Они рукоплещут, щиплют друг друга за бока, громко смеются, пукают порой, обнимаются, фотографируются на память, выкрикивают собственные имена, водят хороводы, ради баловства жмут кнопку звонка в скрипторий, и тут же тишину мастерской по переписке рукописей нарушает высверливающий звук зуммера.
Да, именно этот высверливающий, вызывающий нестерпимые приступы мигрени гул и звучит у нее в голове.
Когда же ее увезли, то старик вернулся на кухню и начал есть рыбу.
Он старательно отделял мясо от костей, вытирал кухонным полотенцем жир с рук и губ, улыбался, но не потому, что вспомнил, как в 1981 году «Зенит» выиграл у кутаисского «Торпедо» со счетом 8:1, а потому, что находил приготовленную рыбу очень вкусной и молодой. Все знал про определение возраста рыб, который заключался в полном соответствии числа колец на чешуе у основания первого спинного плавника количеству прожитых рыбой лет.
Мне сорок семь лет.
Я стою перед витриной магазина на Соколе.
Достаю носовой платок и громко просмаркиваюсь.

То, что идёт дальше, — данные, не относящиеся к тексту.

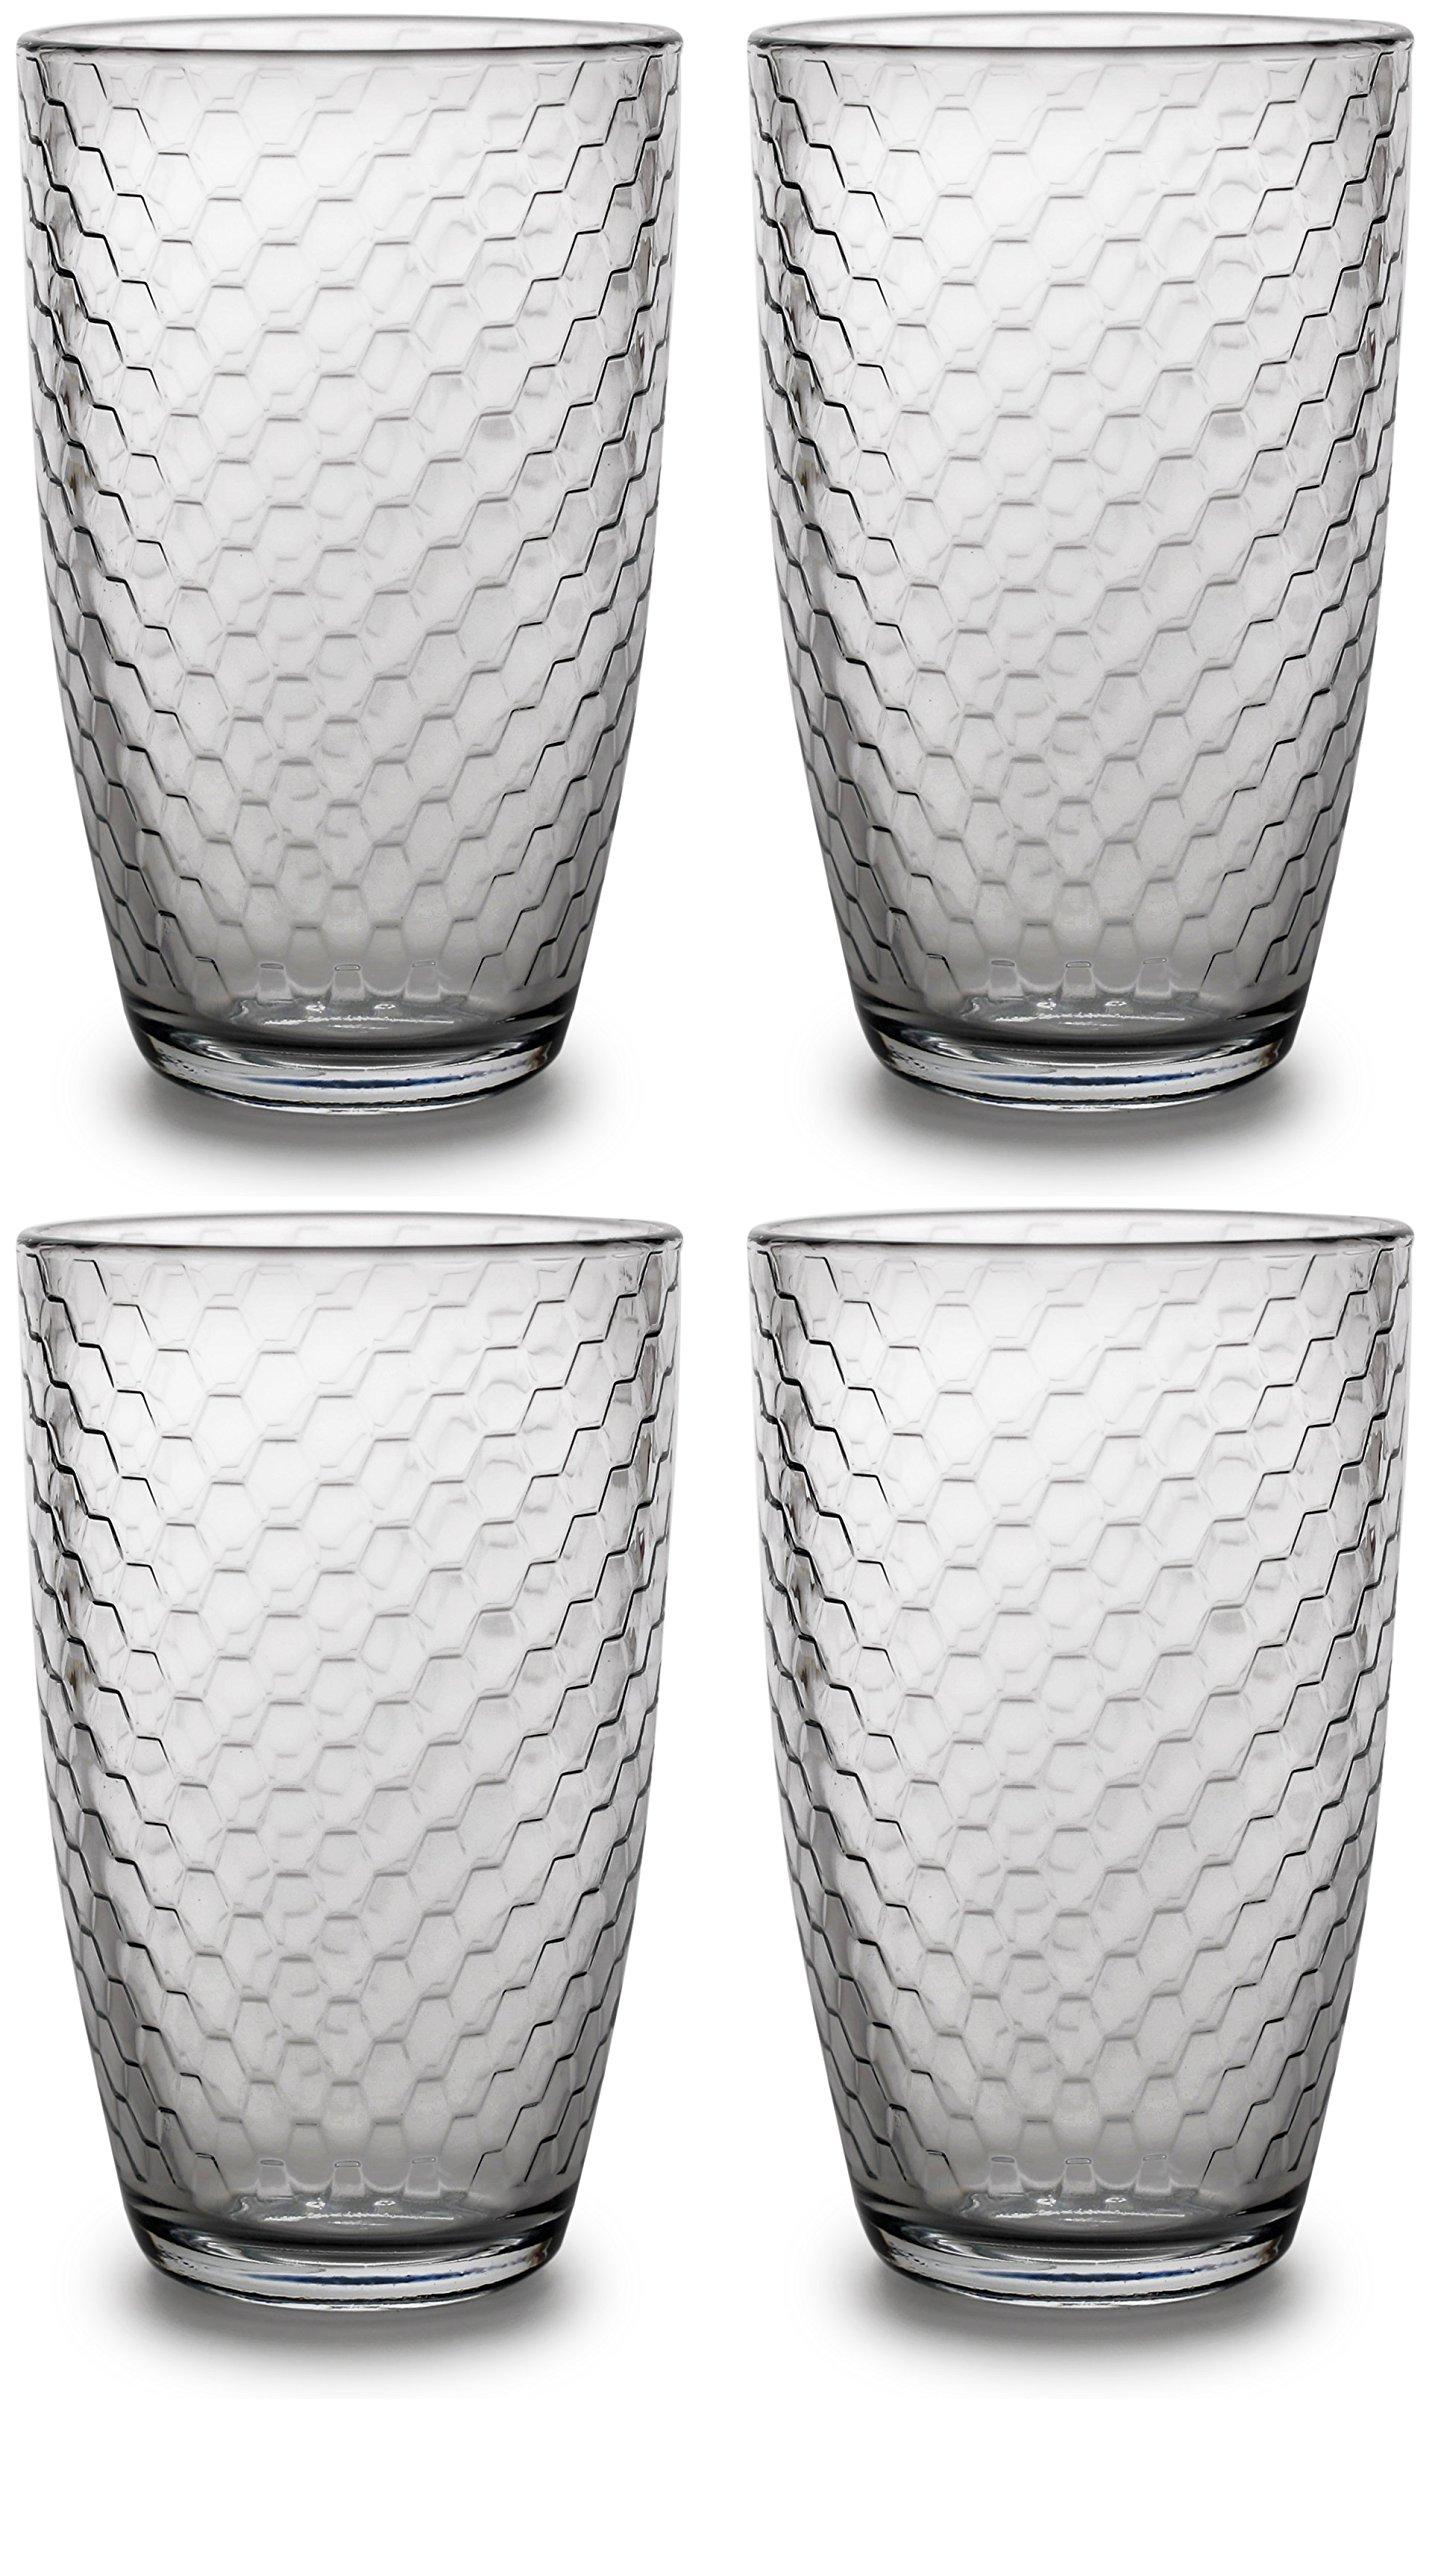 Circleware Hive Drinking Glasses Set of 4, 16 ounce, Hive Editon

При этом, что и понятно, мое искаженное гримасой лицо отражается в стеклах, за которыми, как на исцарапанном грейферным механизмом целлулоиде, движется наудалую сооруженный орнамент в виде прерывистых линий дорожной разметки, мигающих светофоров, рекламных щитов, на одном из которых удается прочитать: «Сердце мудрых – в доме плача, а сердце глупых – в доме веселия».
Я смотрю на себя и узнаю себя. Это как на хорошей фотографии, когда видишь то, что подразумевается, о чем догадываешься, но оно скрыто от посторонних глаз до поры до времени.
Времени нет.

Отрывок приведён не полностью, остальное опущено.